Butler, like all great — and not so great — innovators, was convinced of the viability of his ideas and eager to test them. If Imperial was less than enthusiast­ic, the perfect place to look for funding was AOSTRA, which had been created by Peter Lougheed in 1974.

Butler thus moved to AOSTRA, and constructe­d an Undergroun­d Test Facility where he built his pilot plant with funding from Alberta’s Heritage Fund and a number of other oil companies, who obviously believed in the potential of the technology.

So AOSTRA, thanks to Dr. Butler, did indeed play a significan­t role. But the key factor was the vision and drive of one man, who would not have come up with the idea unless he had worked at Imperial. This was a very rare case where a “winner” picked government.

Meanwhile the notion that AOSTRA provides a justificat­ion or blueprint for more government innovation policy is profoundly flawed. The basic problem for oilsands production research has always been simple: how to separate the oil from the sand economical­ly. That is quite different from government boosting the vague notion of “innovation.” The insuperabl­e problem is whose ideas to pick. For every Roger Butler there are many more Malcolm Bricklins waiting to foist their gull-winged dreams on gullible government­s.

And there are myriad failures to balance against AOSTRA’S role in SAGD. The national energy program stimulated innovation­s in hugely expensive Arctic offshore drilling platforms that were eventually sold off for cents on the dollar. Peter Lougheed’s attempts at promoting diversific­ation provided multiple failures. Government support for B.C.’S Ballard Power, which was supposed to lead us all to a hydrogen-fuelled future, ended up down the drain. And no innovation failure can rank with the current unravellin­g of government­s’ support for wind and solar power, which are expensive, unreliable and disruptive.

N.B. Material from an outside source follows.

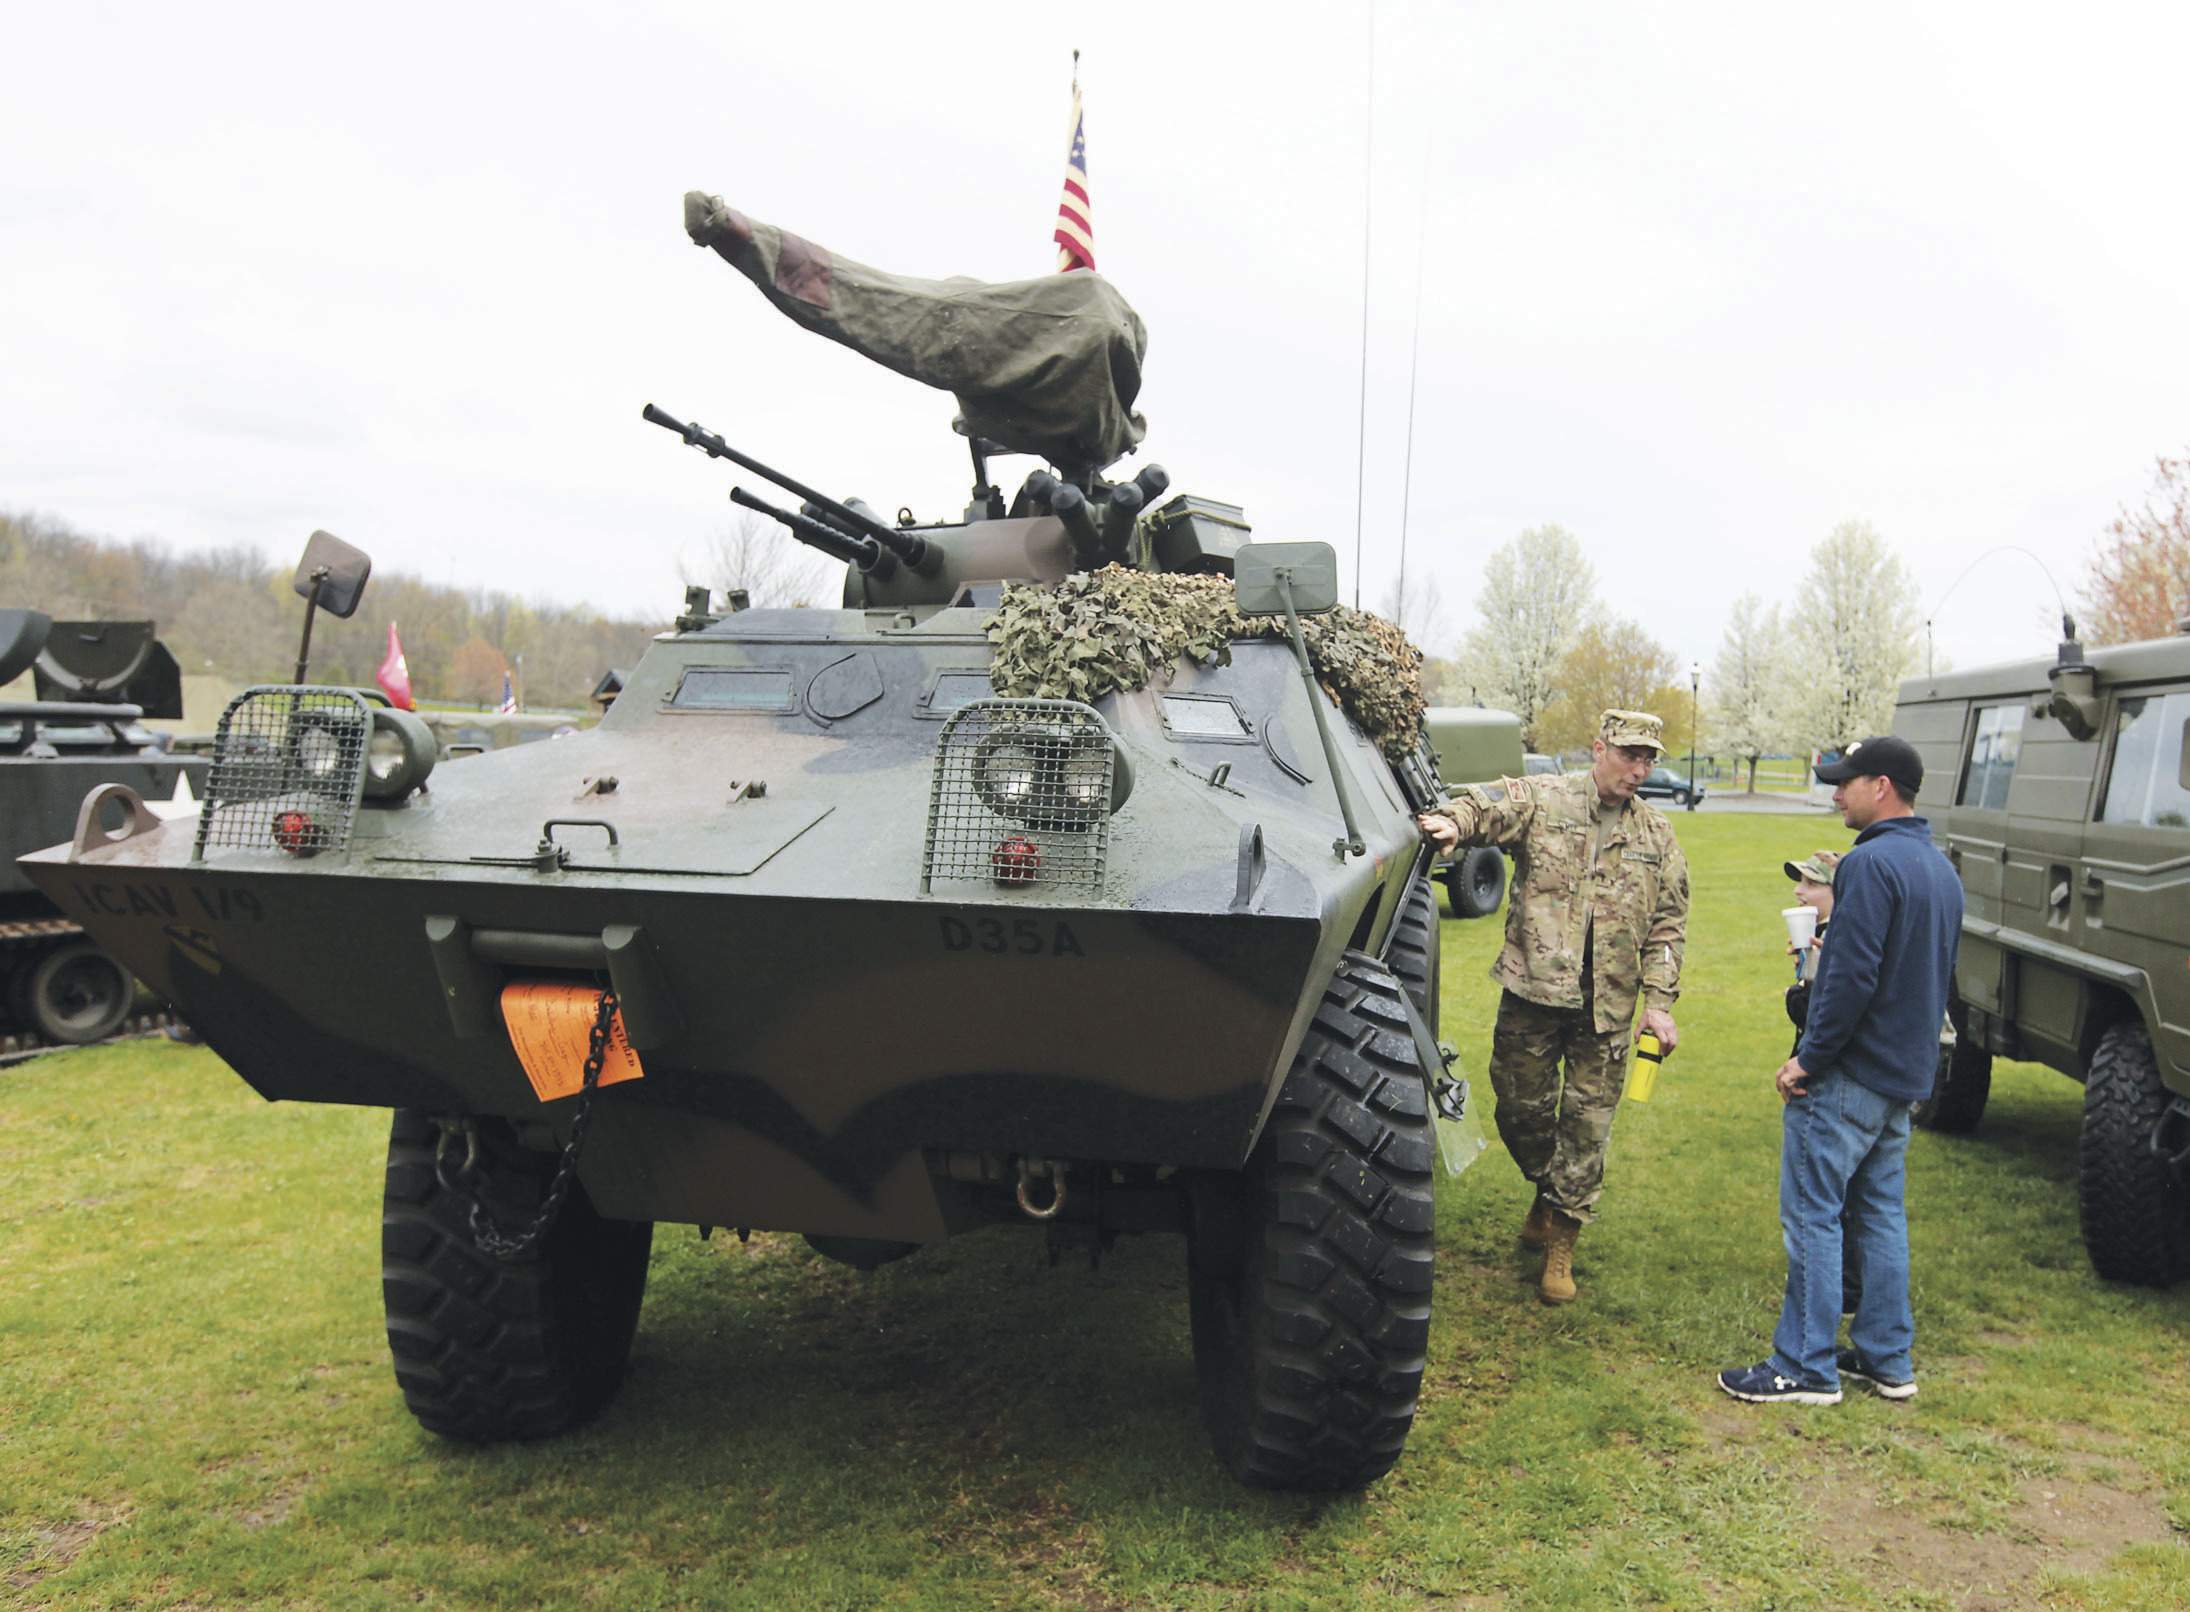 Military vehicles on display - New Jersey Herald -

Choices about where to put taxpayers’ money are inevitably constraine­d not just by not knowing where new ideas will appear, but by shifting political priorities and the burdens of bureaucrat­ic oversight. Those problems cannot be wished, or washed, away with positive verbiage, or with recommenda­tions for — yet more — arm’s-length agencies. Promoting clusters has been on the innovation agenda for at least a quarter-century, with remarkably little success. What next? Super duper clusters?

Government­s can’t promote success, but they want to be associated with it, and even successful companies find it hard to turn down free money. After all, they can’t afford to make an enemy of government. Government can hurt them, as the oil industry knows only too well. A related problem is that every developed country on earth is concentrat­ing on the same sectors — AI, electrifie­d autonomous vehicles, genomics, etc., etc. — just as they once all decided to support aerospace and automobile­s, with less-than-stellar results.

What innovation policy is primarily, and inevitably, about is government-assisted taxpayer drainage.